### RECORDED DATA
= Beginning of Section =

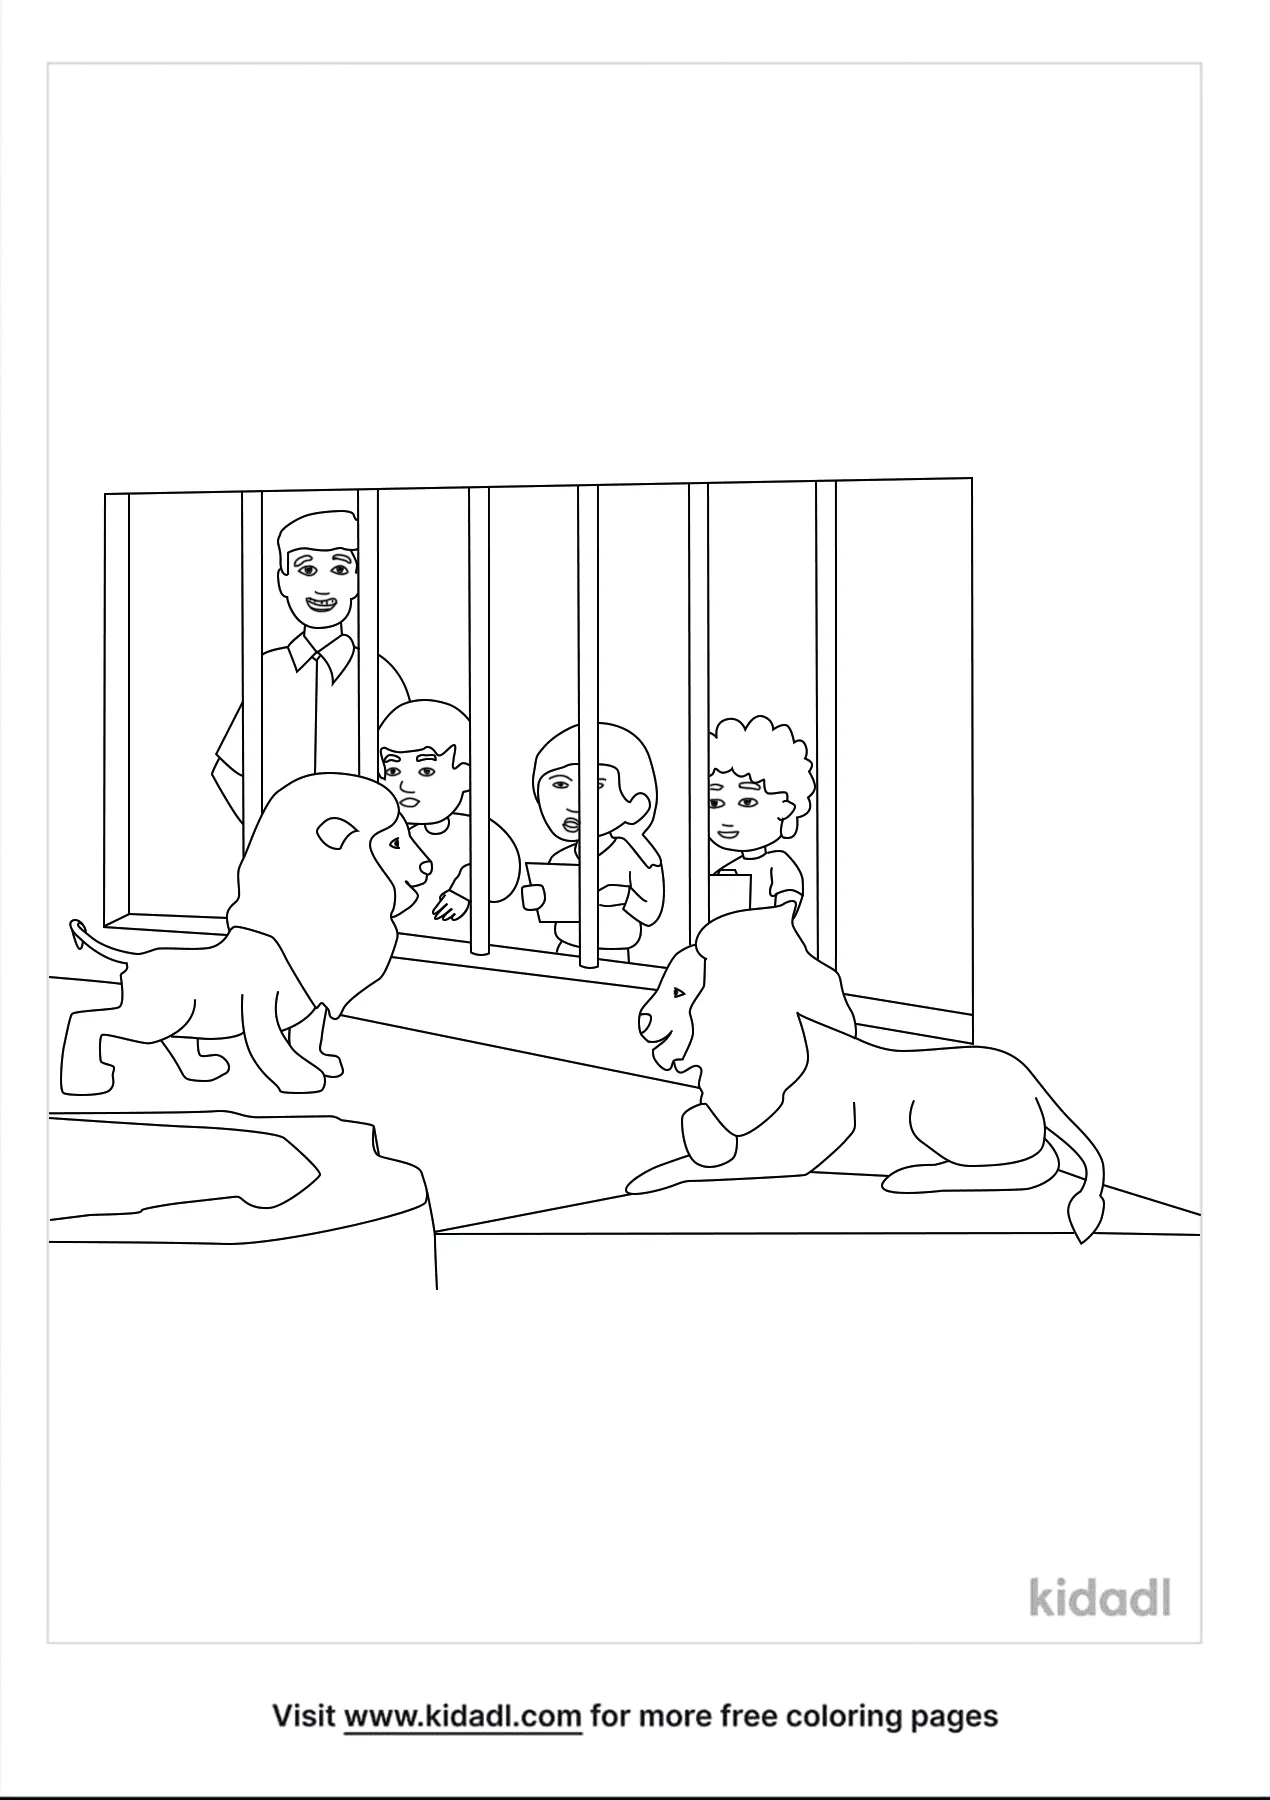 Zoo Field Trip Coloring Page
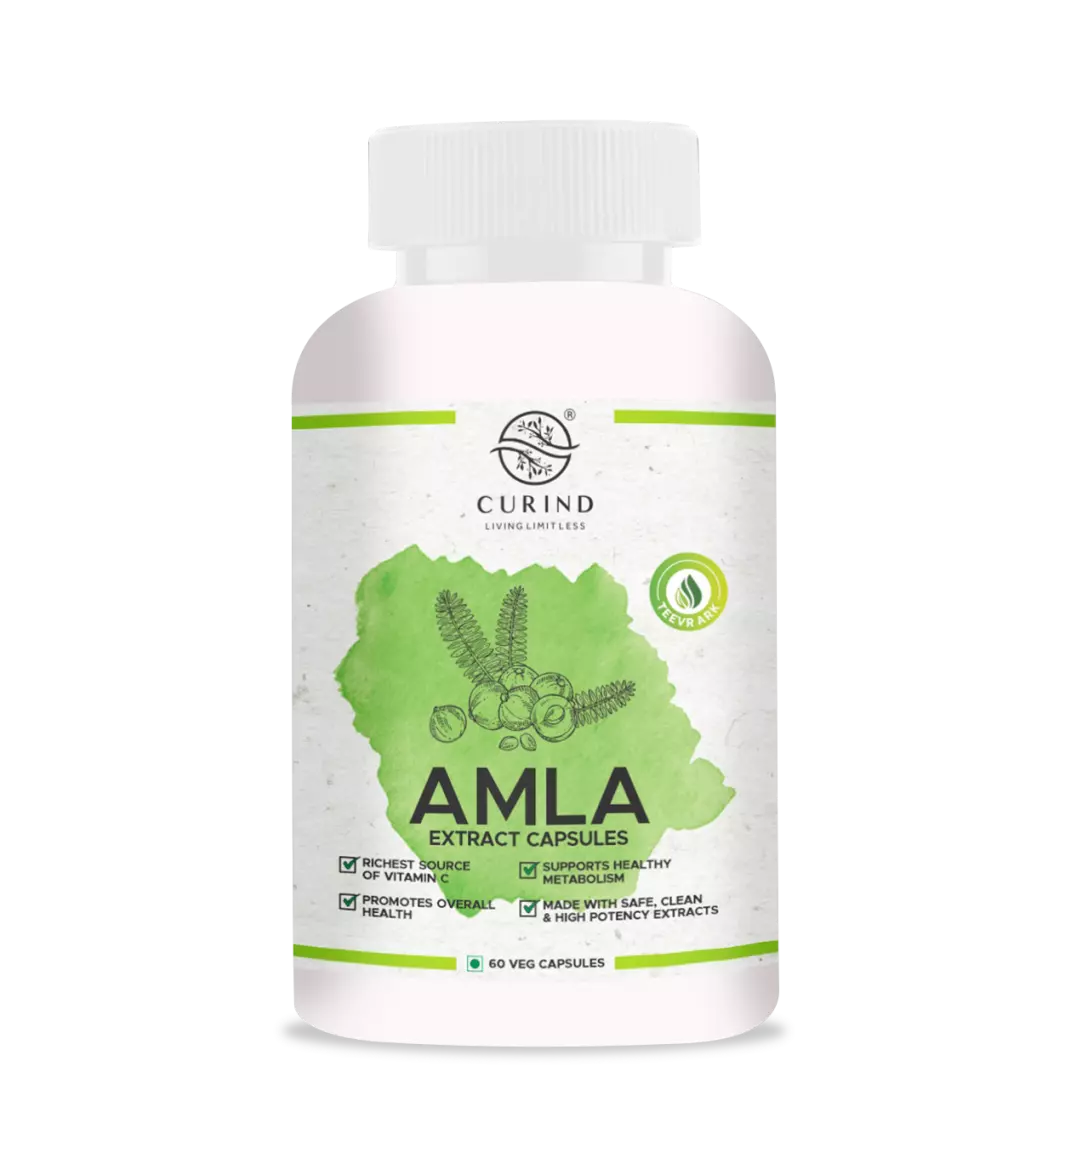 Amla Extract- rich source of vitamin c and support overall health
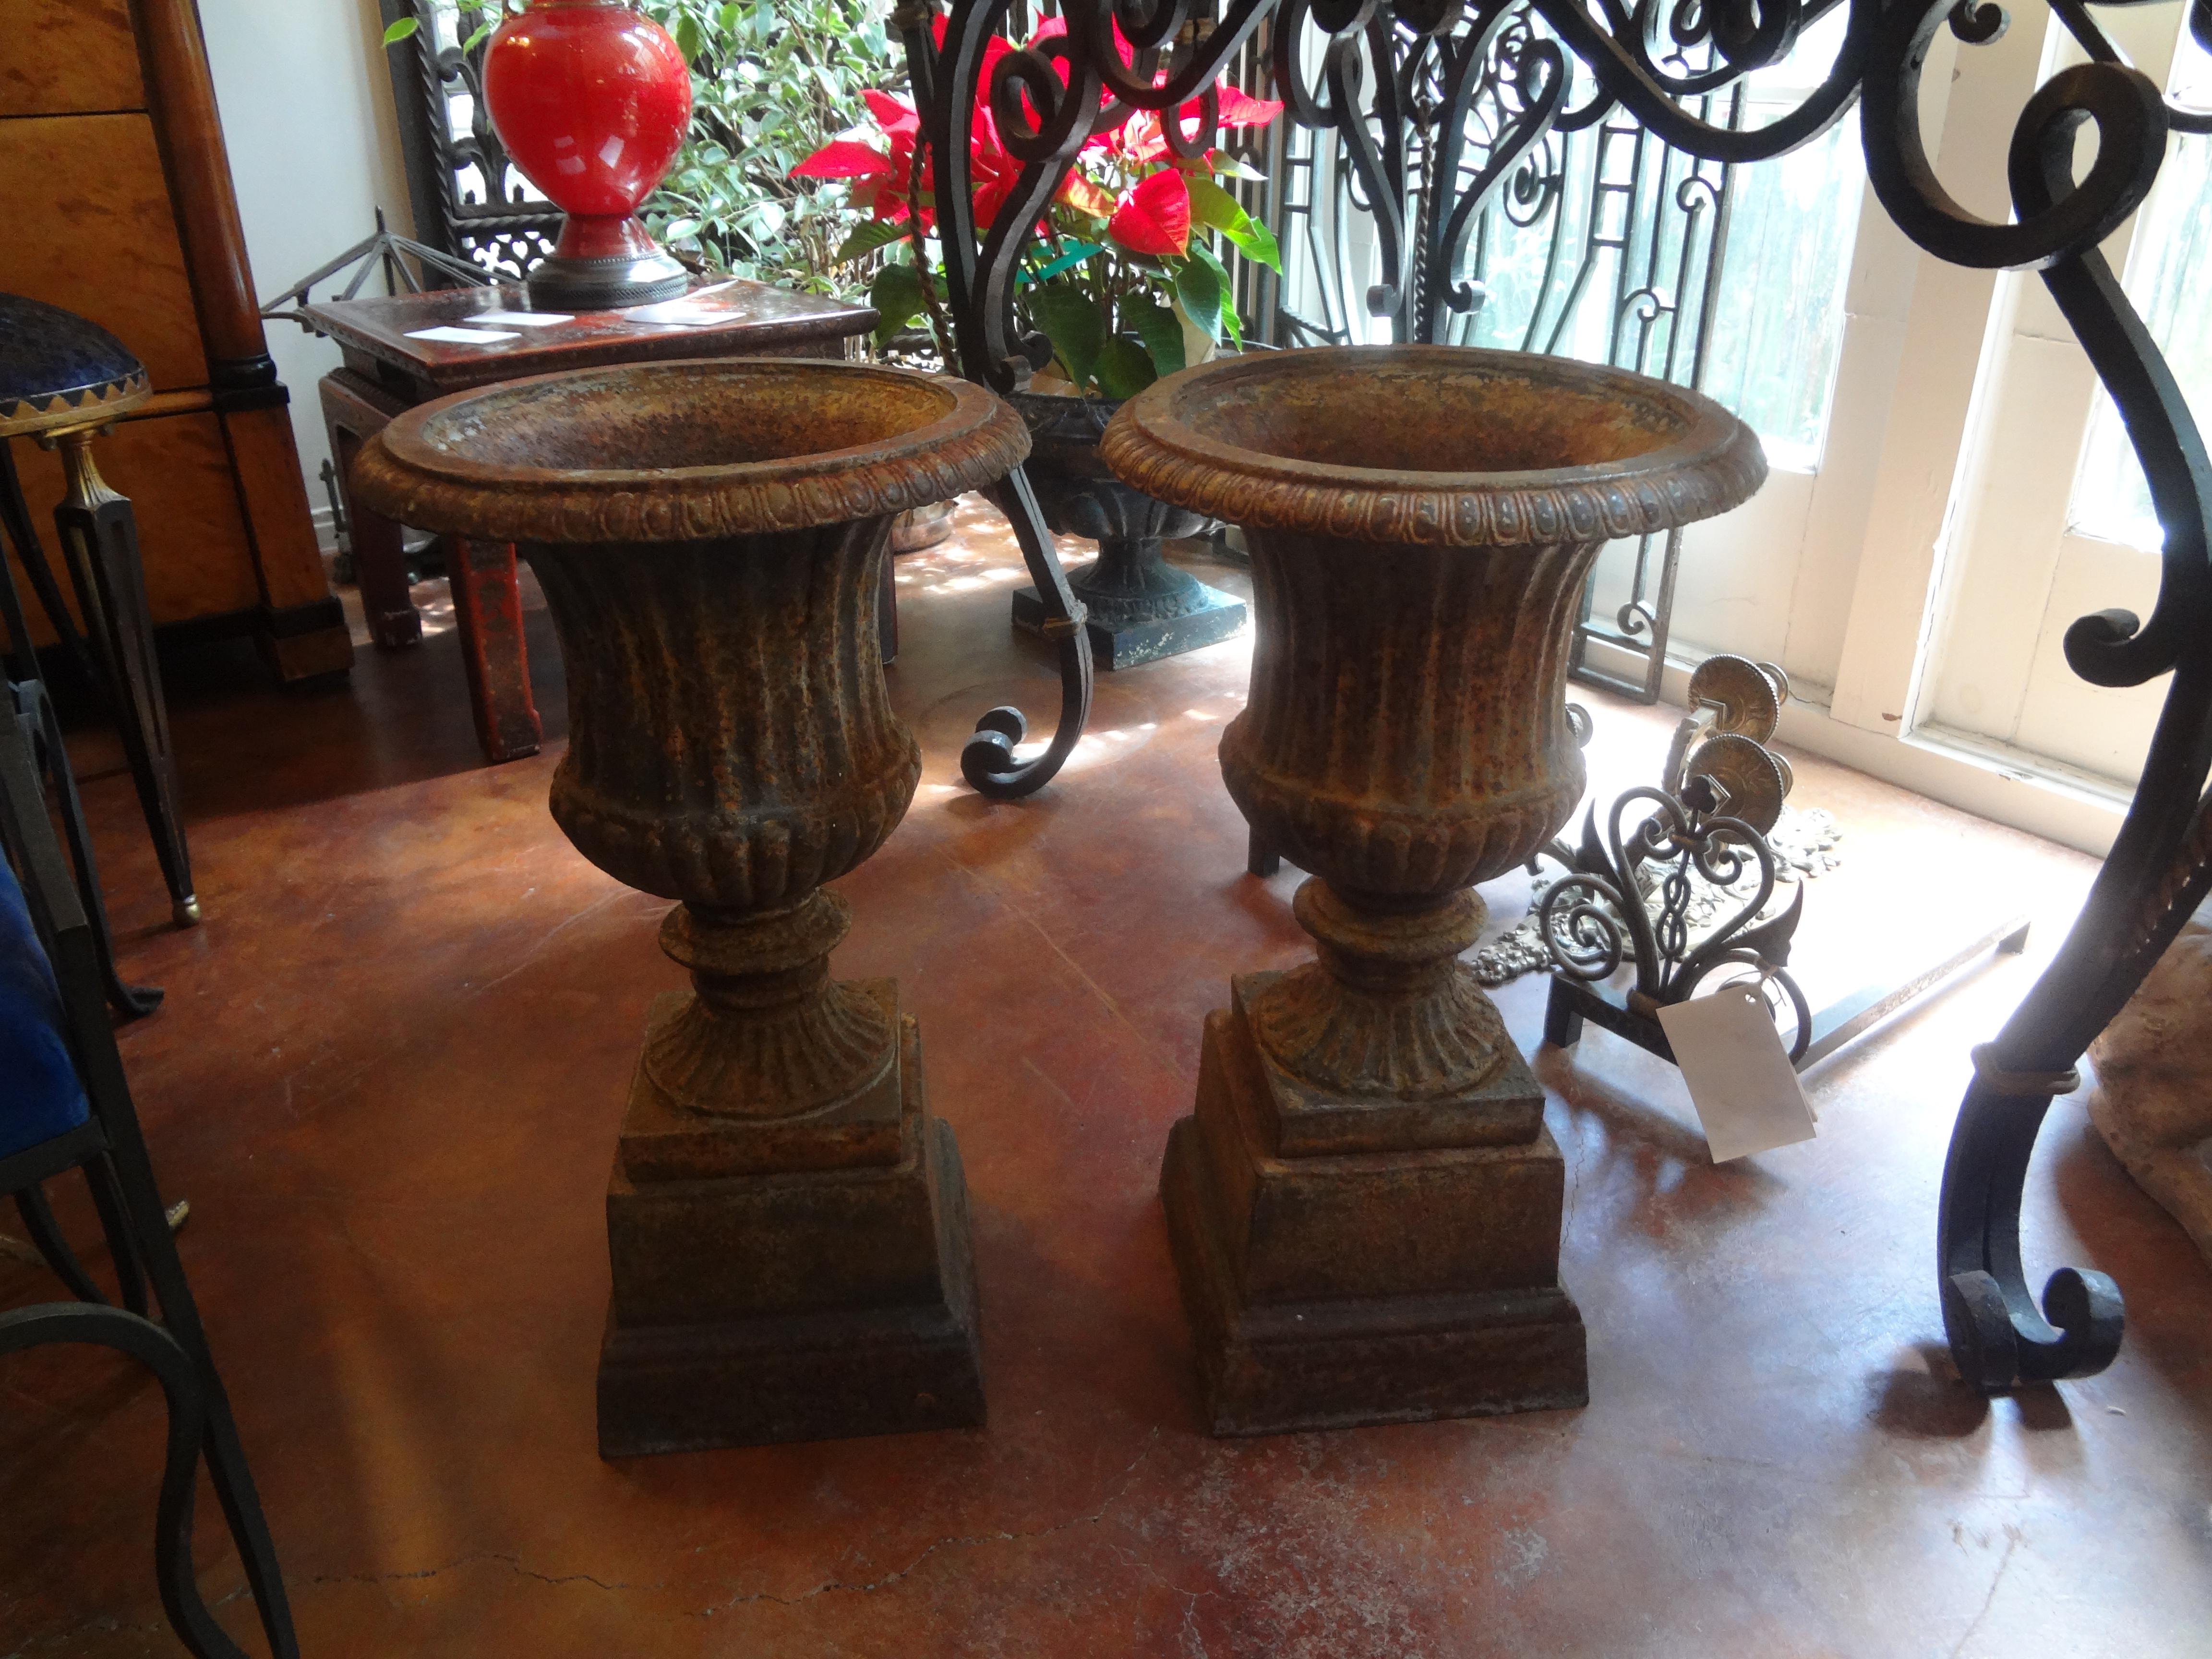 Pair of 19th Century French Neoclassical Style Iron Urns on Plinths For Sale 2

= End of Section =

### TASK REQUIREMENTS
Could you give the material above again, exactly and without its pictures?

### SOLVED EXERCISE
 Zoo Field Trip Coloring Page
 Amla Extract- rich source of vitamin c and support overall health
 Pair of 19th Century French Neoclassical Style Iron Urns on Plinths For Sale 2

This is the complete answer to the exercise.